When we got to California, I realized that not only was I kinda poor like when we started the trip, but I was even broke. I needed to make money so I started doing what my father had told me to do for the last three years : busking with my saw (musical saw. According to most people I'm not so bad at it)

Not only it brought me money, but (obviously) I met so many people... "Civilians", "normal" people that would come and talk about France or my instrument but also what you american people call "dirty kids". Shoutout to Jay and his doggy Lux (cutest dog ever) who introduced me to that world. We tried to jam but it wasn't too great, but we were really getting along and I started thinking about my 14 years old me who would have been so proud of hanging out with these guys.

I have to give some explanations right now (even if I feel like this thread is going to be very self-centered, sorry guys). I've lived the easy life : I have a bachelor degree, my parents love me and are still together, I have never suffered from hunger or cold. But I had a certain crisis when I was 14 or so. I started freaking out about the entire world. I was listening to french punk music, crying a lot and scarifying (?) sometimes, writing depressed shit on paper etc... Well, I wasn't feeling good with myself at all. I was always good at school but I started hating the word "authority" even if I was too shy to actually do anything about it. Later, my mother told me that the doctor who helped her giving birth (the both of us almost died that time) told her I would always be eclectic. 

That crisis passed. I realized my friends from that time were actually assholes and I went back to my old friends, that I have keep for a very long time now. I forgot my 14 years old crisis, I laughed about myself, and went on. I went to high school and then college. I had my bachelor degree and I couldn't understand why my ex had began hanging out with anarchists and doing stuff in squats, or why he was eating out of bins, or why he was stealing all that stuff, or why he would defend people who broke bank glasses. 
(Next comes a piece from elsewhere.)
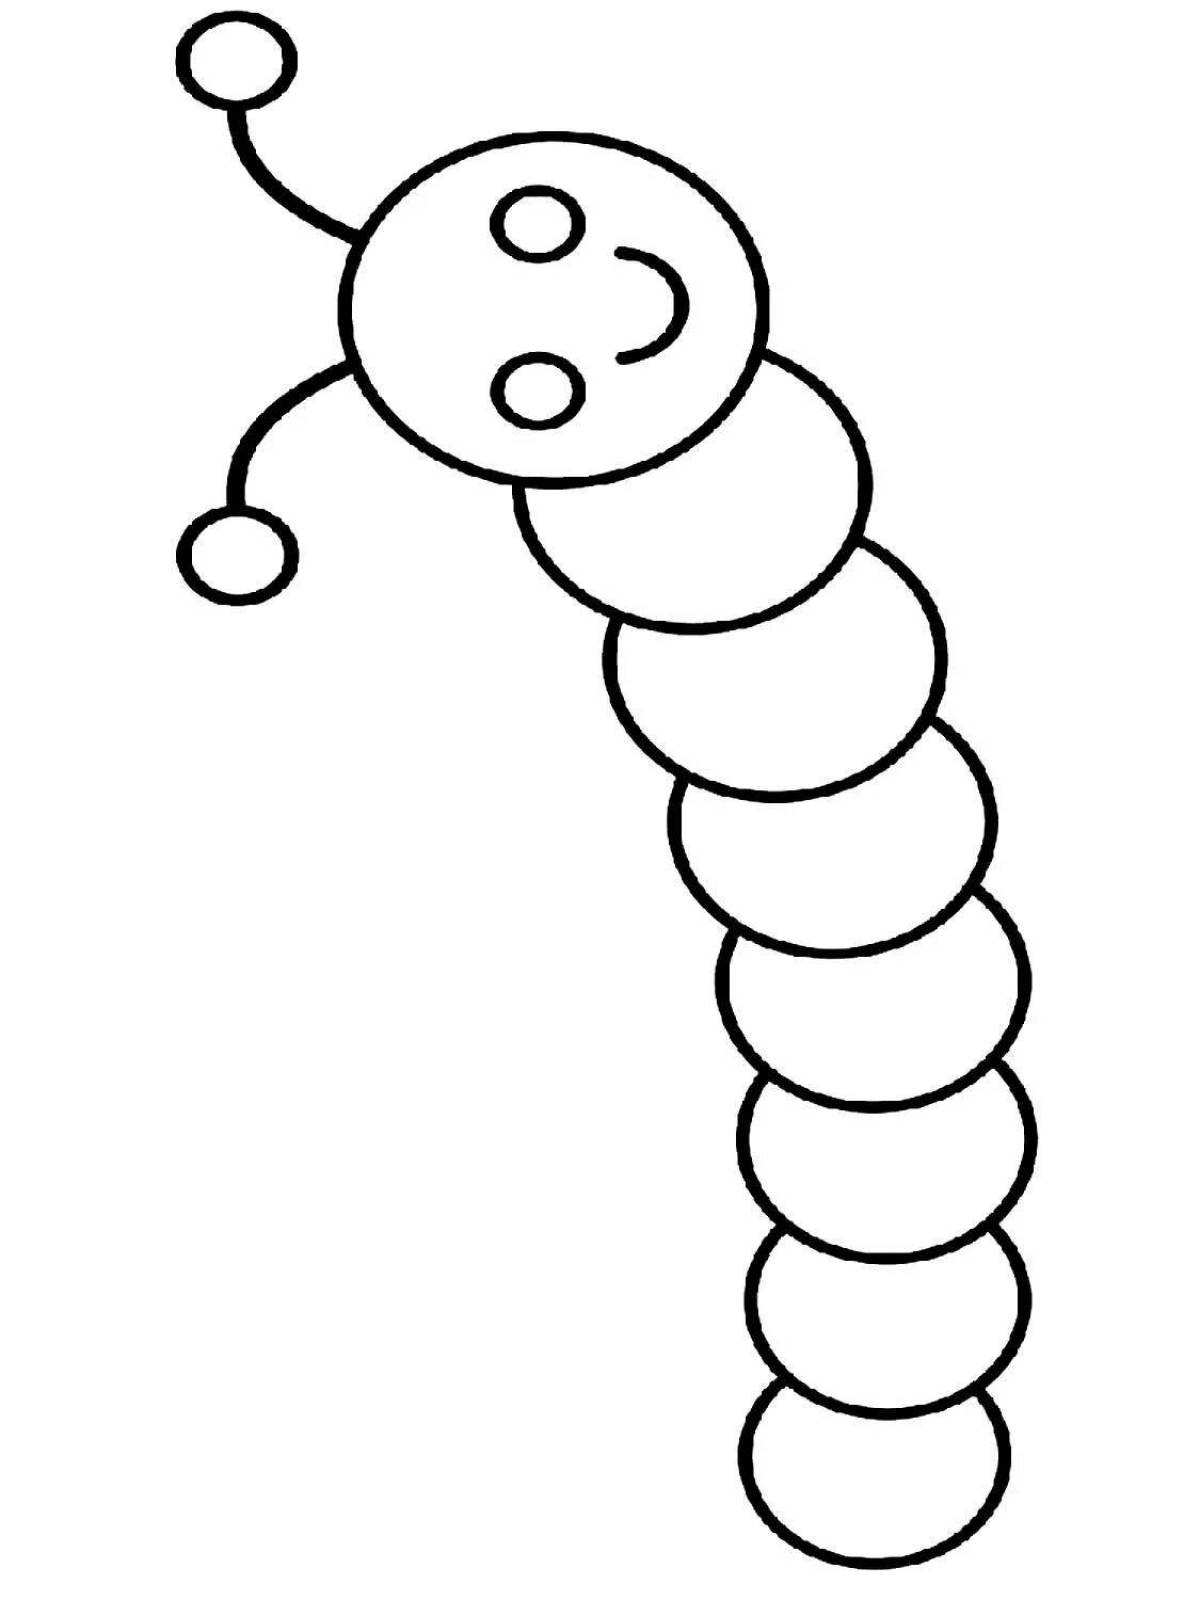 Colorful caterpillar coloring page for little ones

Back to the first story. So I started busking more because I was really broke and hanging out with the homeless and the misfits. I met more dirty kids, talking with them about a lot of stuff. I started understanding my ex, I started thinking like he did. I became really good friend, and a bit more, with a certain guy in NOLA, so we stayed there for a week. It was awesome, I was just jamming with everybody and everybody would want to jam with me because turns out I'm actually good at playing the saw (I still have difficulties to say/write it though, but it seems like there's a consensus on the question). I just played bluegrass for a week and shared alcohol, food, cigarettes and a lot more with people I barely knew. I couldn't stop thinking about my 14 years old self, finally realizing that it had been there the entire time, just waiting to pop out again. I literally had the time of my life, because I was feeling so free : living in a van, not making a lot of money per day but... Who cares ? People give you leftovers and the van's my shelter, the weather is beautiful, I could live like that for a moment !

And then, I had to leave. 
I almost stayed but the van belonged to my friend and I so we had to get back together and sell it, plus it was too expensive for him to get back from NOLA to France. His visa was ending so we went back to Sherbrooke, Québec, in two days and he left three days later.
No need to say I was pretty depressed when I got back. I had kinda fell in love, with some guy but mainly with a life experience, and I felt like, again, my 14 years old self was right. I was just spending days doing nothing, trying to have the guts to go play in the metro (which I never did), stressing out because I had no money and I took two tickets in the same day, and I wasn't being able to see the end of the tunnel. I felt like karma had abandoned me, and that I was doing something seriously wrong with my life. I had had to get back in the fucking snow and coldness because I had responsabilities. People often tell me I'm wise. I would have kick in the head everybody that told me I took the right decision. I was so sick of being wise. The trip began to feel like a dream, and so was the person I had been traveling (I'm very different when I travel and when I don't; it really brings the best of me). I was broke, heart-broken, I had no job, nowhere I could truly stay (I'm still sleeping at a friends' but I can't stay here forever), and, most of all, nobody to actually talk about all this because the only person I wanted to talk to was out of town. 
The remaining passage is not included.